• **TASK DETAILS**
Some entries follow. Reproduce exactly the lines starting at the one with "Creative Mothers Day Gift Ideas" and stopping after the one with "Simple Mother’s Day".

• **DATA**
⟨

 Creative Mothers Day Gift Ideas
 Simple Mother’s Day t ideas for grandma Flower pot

⟩
⟨

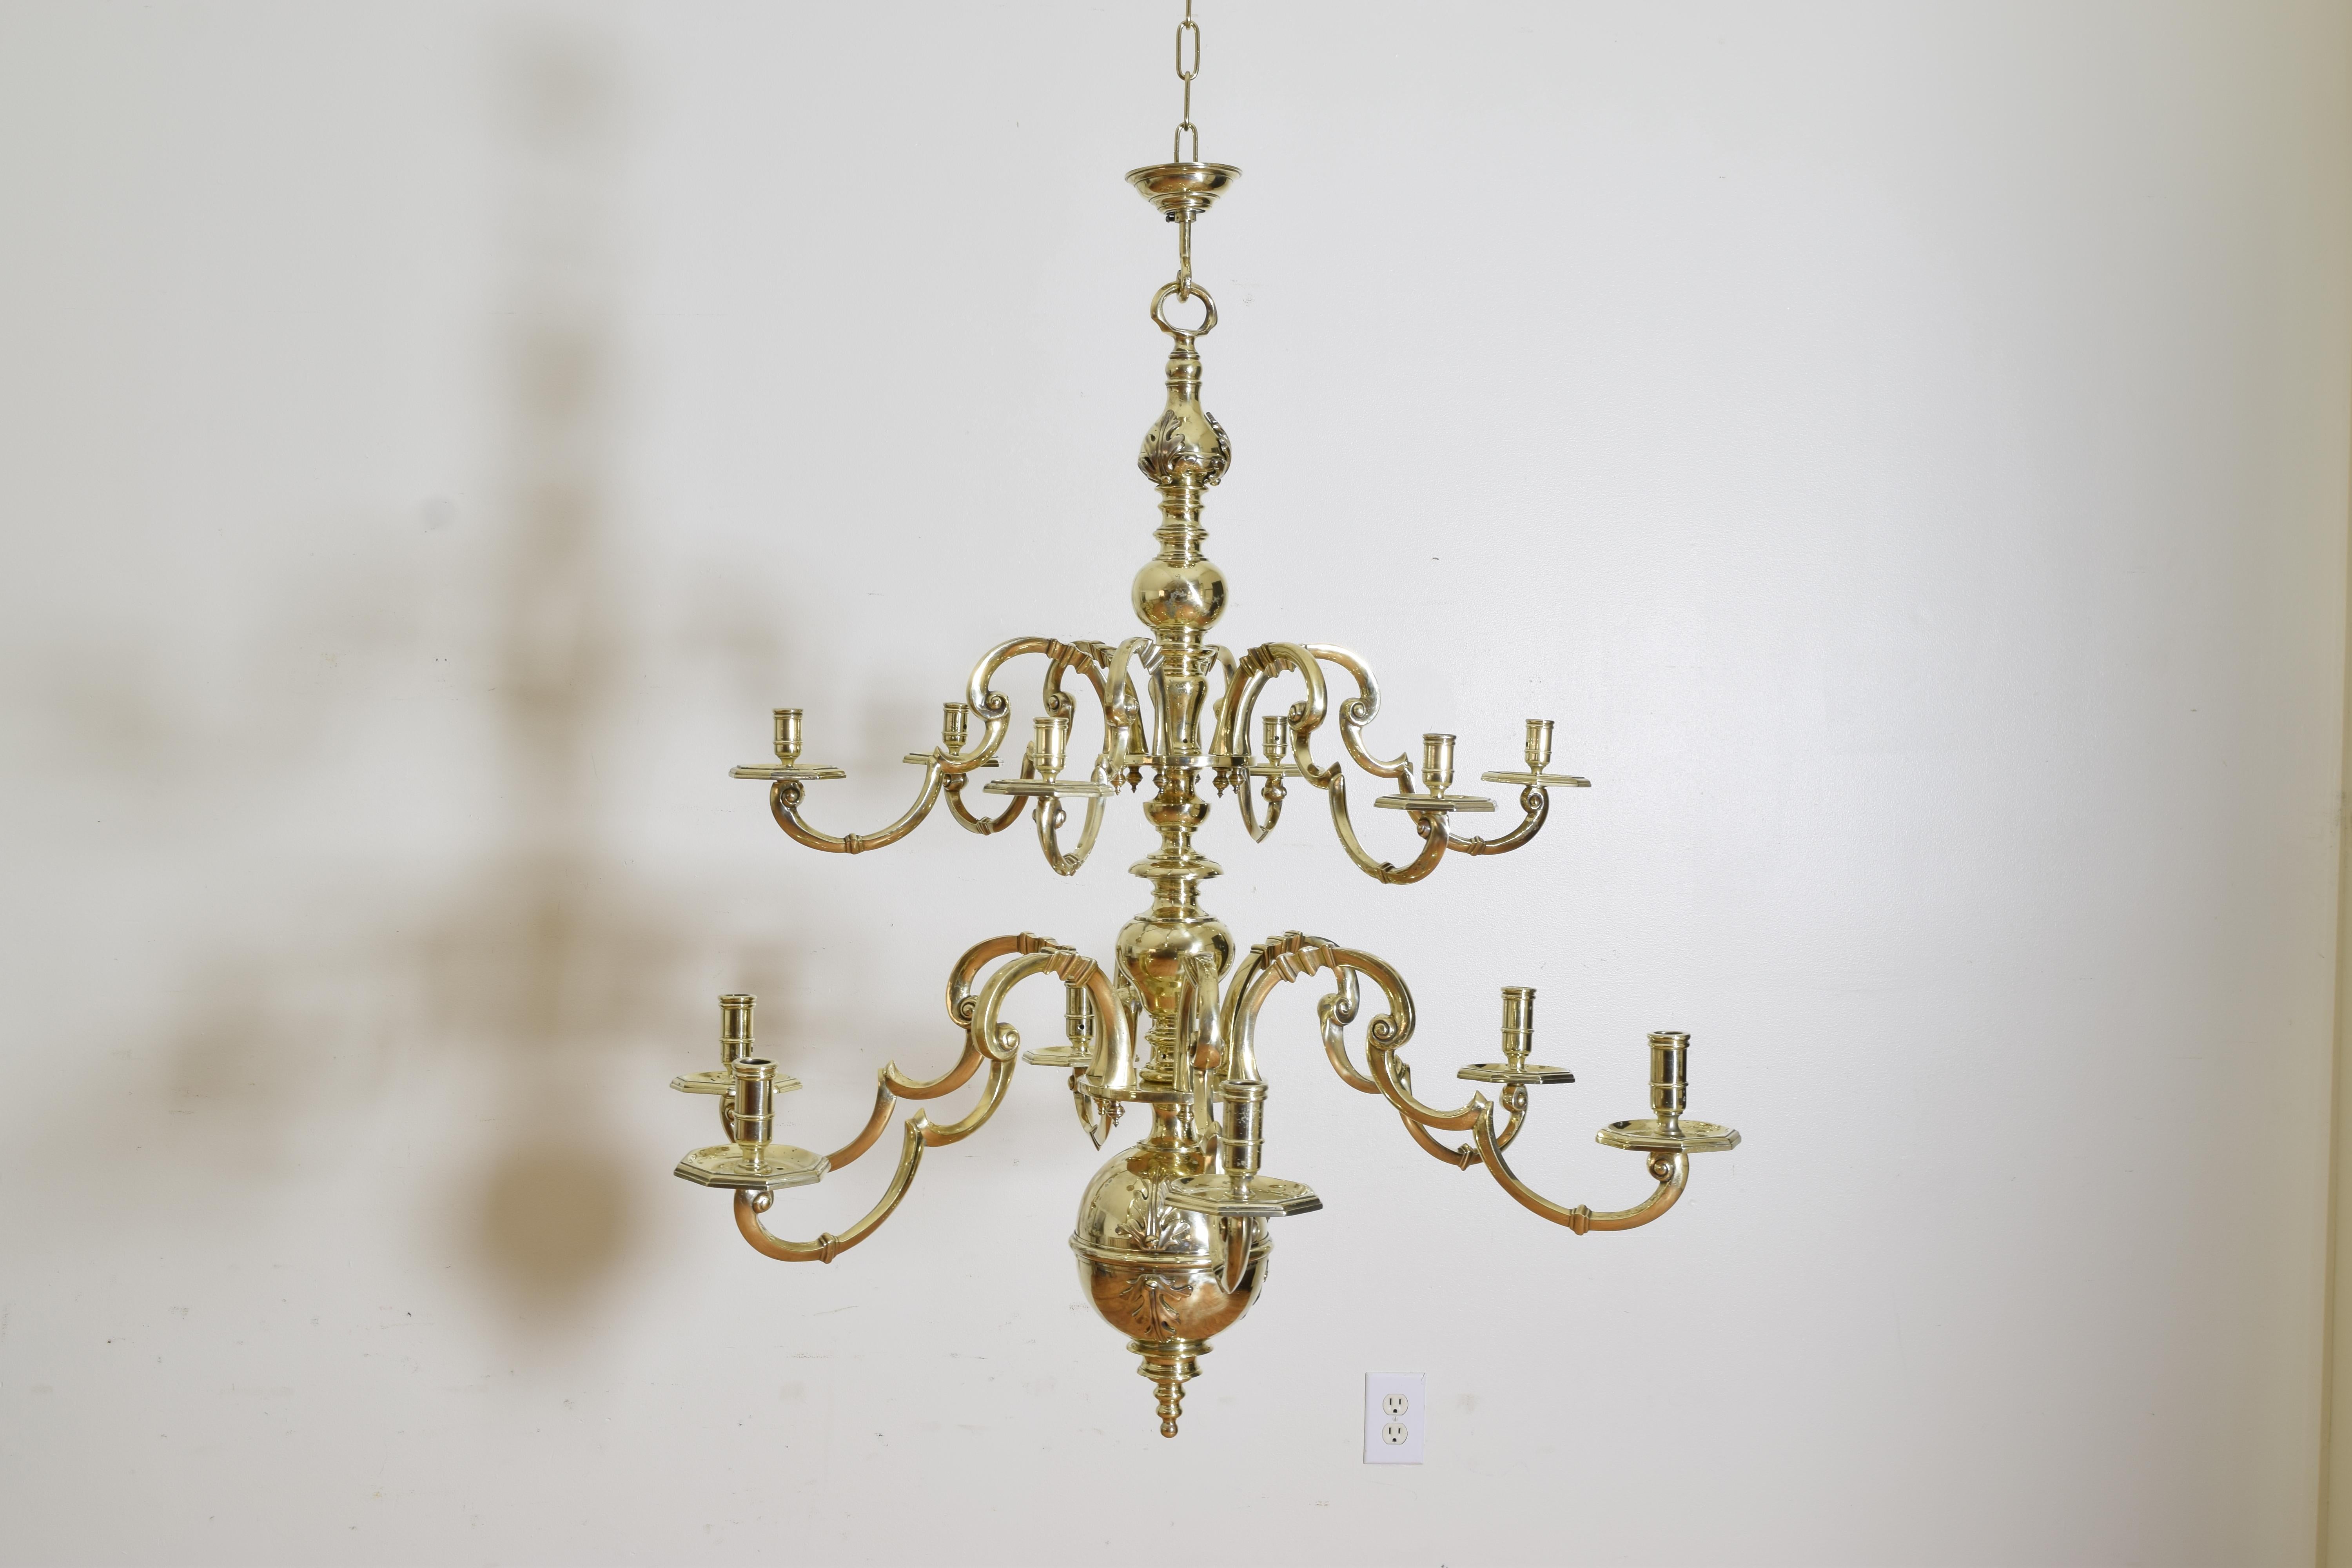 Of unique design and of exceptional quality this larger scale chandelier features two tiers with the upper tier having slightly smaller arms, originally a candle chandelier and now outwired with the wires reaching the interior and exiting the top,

⟩
⟨

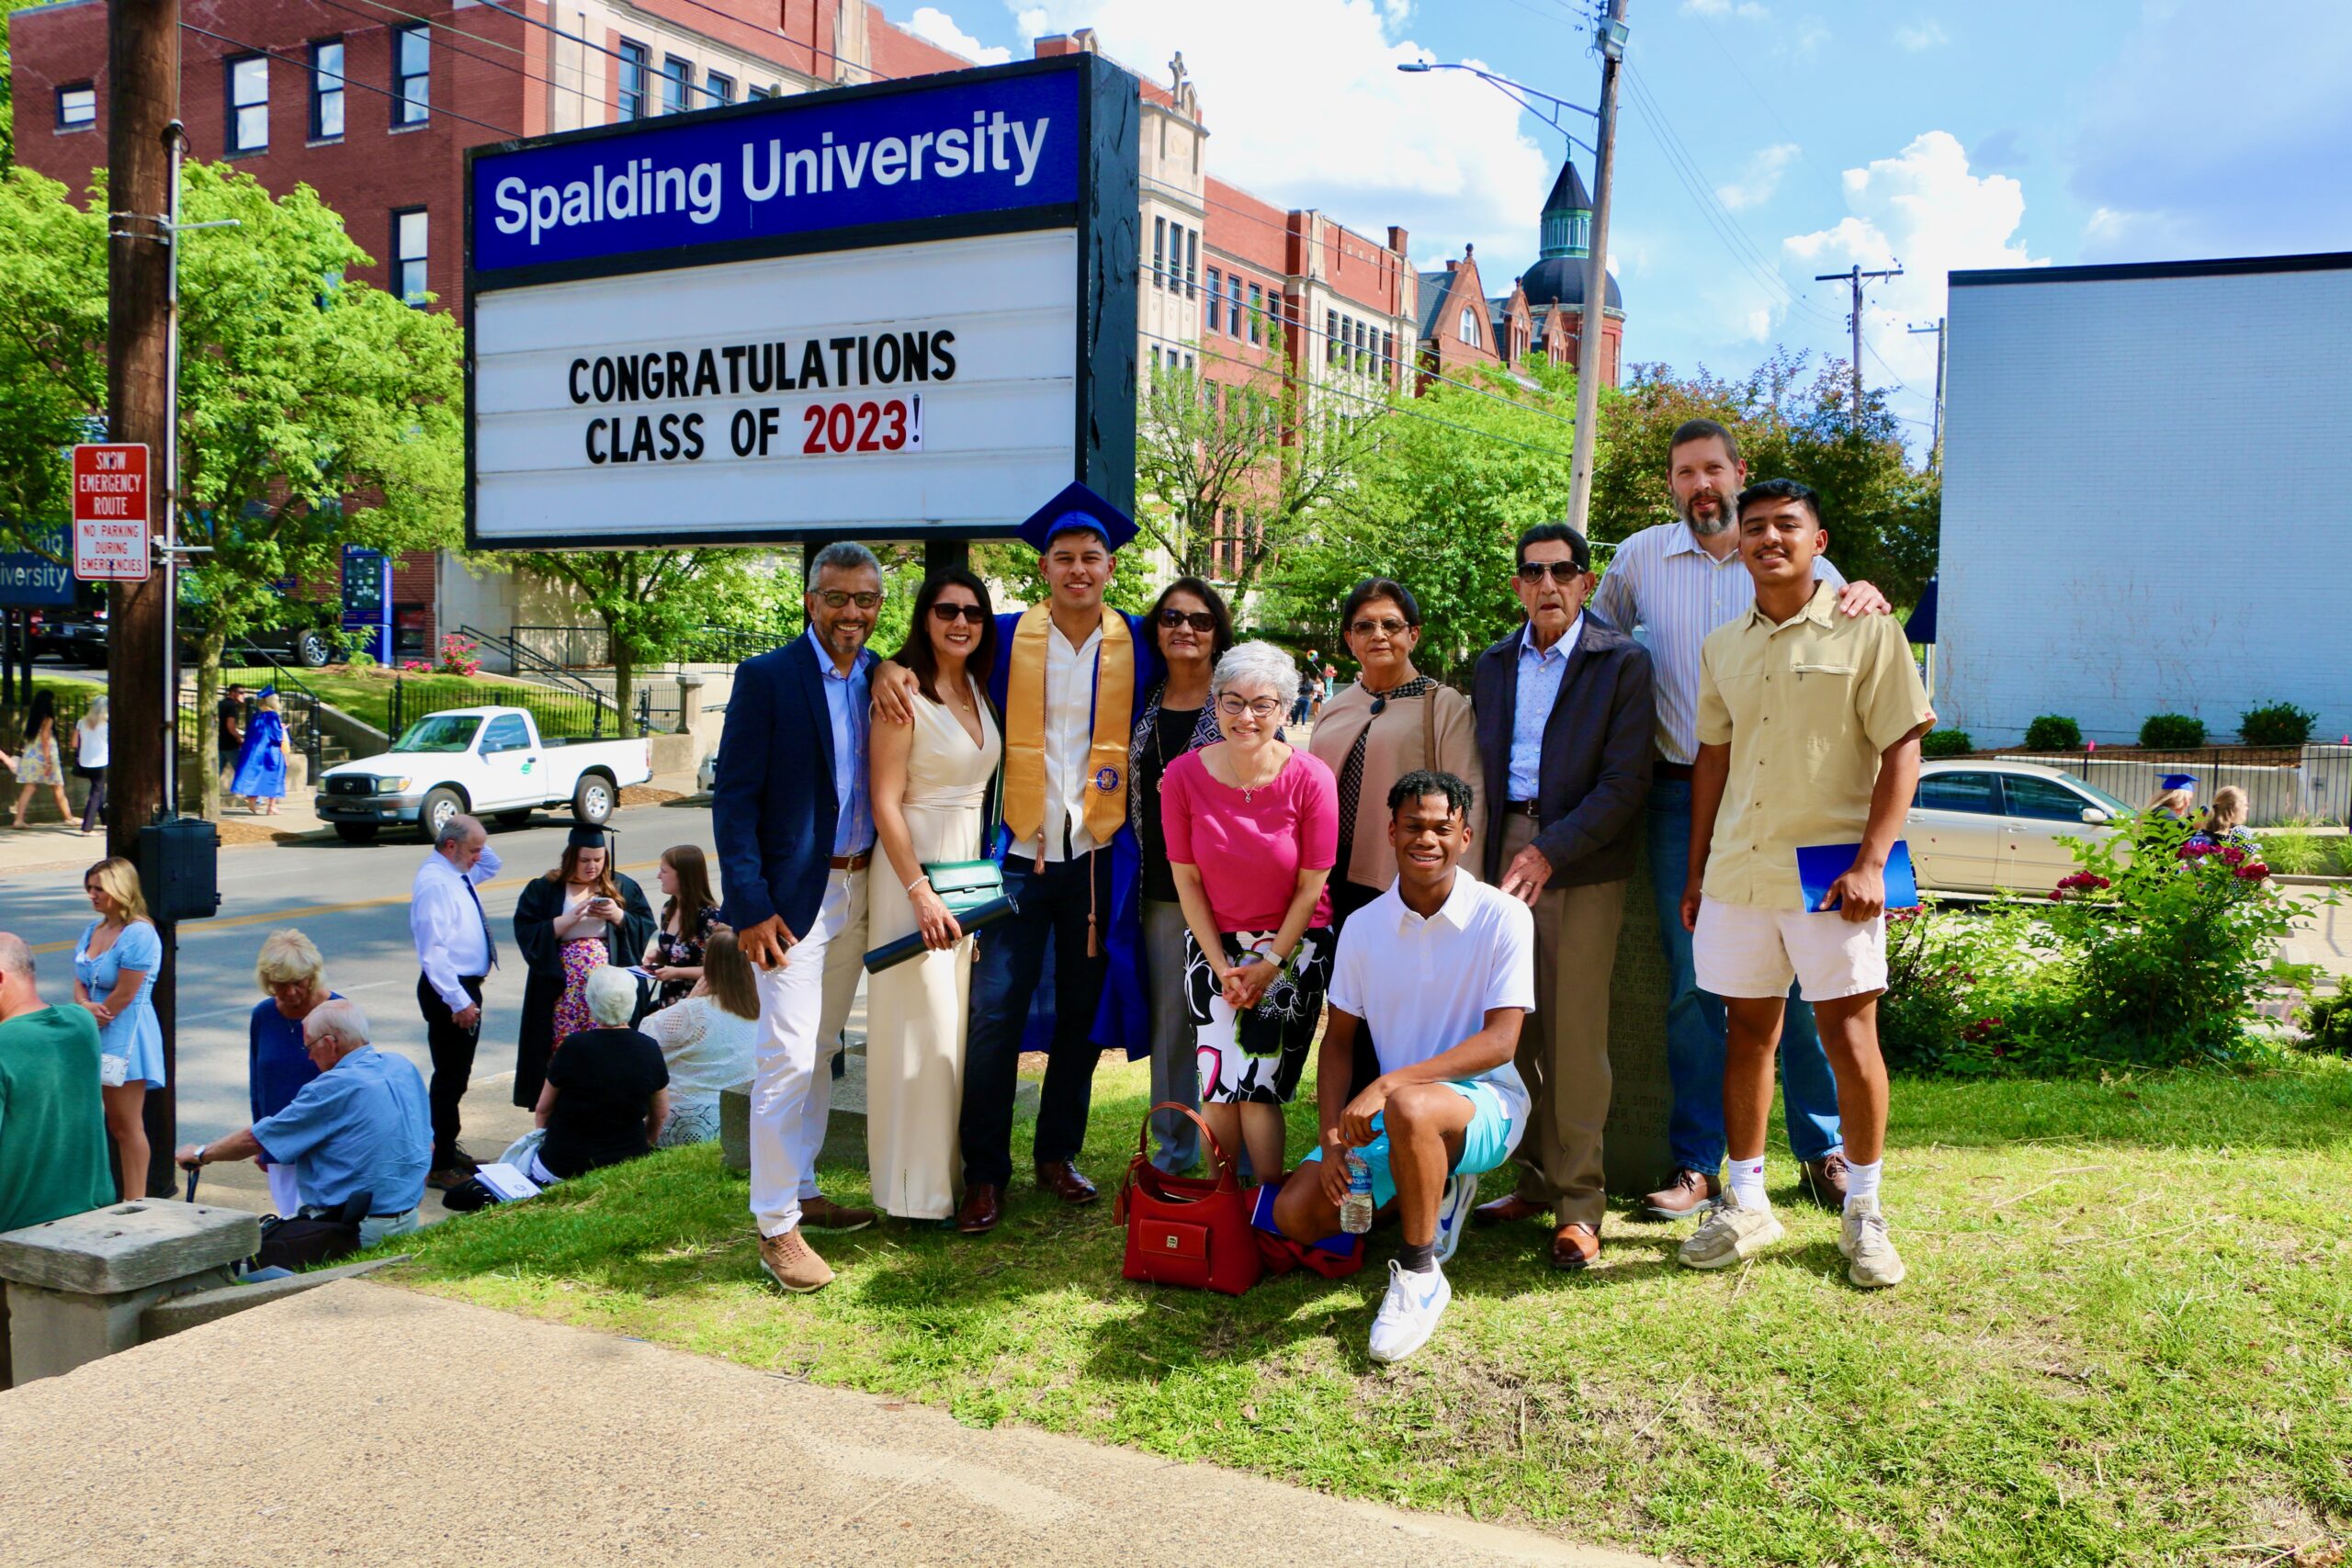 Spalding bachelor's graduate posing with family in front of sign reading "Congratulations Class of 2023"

⟩

• **TASK SOLUTION**
 Creative Mothers Day Gift Ideas
 Simple Mother’s Day t ideas for grandma Flower pot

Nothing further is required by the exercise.